> [The problem]: Go through the listing and pick out each line with the word "Design" in it.

> [Input for this task]:
# # # #

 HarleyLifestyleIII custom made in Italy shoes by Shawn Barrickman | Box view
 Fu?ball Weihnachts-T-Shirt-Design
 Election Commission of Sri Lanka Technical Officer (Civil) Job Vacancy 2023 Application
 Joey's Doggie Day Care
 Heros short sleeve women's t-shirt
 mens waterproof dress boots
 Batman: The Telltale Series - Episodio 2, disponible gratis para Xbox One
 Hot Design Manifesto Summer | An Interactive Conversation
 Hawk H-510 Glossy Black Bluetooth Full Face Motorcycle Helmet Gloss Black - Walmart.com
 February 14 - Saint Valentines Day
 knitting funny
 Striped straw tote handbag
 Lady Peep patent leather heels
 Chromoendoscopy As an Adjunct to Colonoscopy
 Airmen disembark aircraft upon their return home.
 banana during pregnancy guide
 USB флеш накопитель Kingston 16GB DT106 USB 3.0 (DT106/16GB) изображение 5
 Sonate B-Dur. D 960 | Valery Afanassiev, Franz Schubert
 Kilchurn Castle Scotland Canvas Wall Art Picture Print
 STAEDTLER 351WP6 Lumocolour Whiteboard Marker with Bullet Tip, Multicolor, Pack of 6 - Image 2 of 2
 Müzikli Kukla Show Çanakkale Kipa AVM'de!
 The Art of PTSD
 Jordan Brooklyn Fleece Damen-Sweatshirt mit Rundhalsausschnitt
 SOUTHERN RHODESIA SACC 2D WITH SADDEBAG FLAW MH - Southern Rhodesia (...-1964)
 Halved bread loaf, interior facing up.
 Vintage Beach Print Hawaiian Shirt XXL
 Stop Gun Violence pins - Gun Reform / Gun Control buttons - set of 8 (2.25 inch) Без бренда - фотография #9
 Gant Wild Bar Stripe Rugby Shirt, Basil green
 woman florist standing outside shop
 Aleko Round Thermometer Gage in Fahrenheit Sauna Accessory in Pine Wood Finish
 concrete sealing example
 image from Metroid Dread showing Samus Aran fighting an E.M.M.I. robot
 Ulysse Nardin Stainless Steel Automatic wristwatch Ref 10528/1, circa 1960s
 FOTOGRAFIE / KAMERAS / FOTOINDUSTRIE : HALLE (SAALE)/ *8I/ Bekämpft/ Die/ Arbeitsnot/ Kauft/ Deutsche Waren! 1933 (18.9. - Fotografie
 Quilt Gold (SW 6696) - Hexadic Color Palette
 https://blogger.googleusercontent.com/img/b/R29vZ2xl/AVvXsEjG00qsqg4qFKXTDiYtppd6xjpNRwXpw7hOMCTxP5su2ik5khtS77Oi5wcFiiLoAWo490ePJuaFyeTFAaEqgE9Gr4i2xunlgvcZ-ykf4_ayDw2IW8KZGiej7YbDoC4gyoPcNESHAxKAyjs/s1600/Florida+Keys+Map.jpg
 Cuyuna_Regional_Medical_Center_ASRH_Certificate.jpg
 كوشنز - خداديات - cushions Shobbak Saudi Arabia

# # # #

> [Answer box]:
 Fu?ball Weihnachts-T-Shirt-Design
 Hot Design Manifesto Summer | An Interactive Conversation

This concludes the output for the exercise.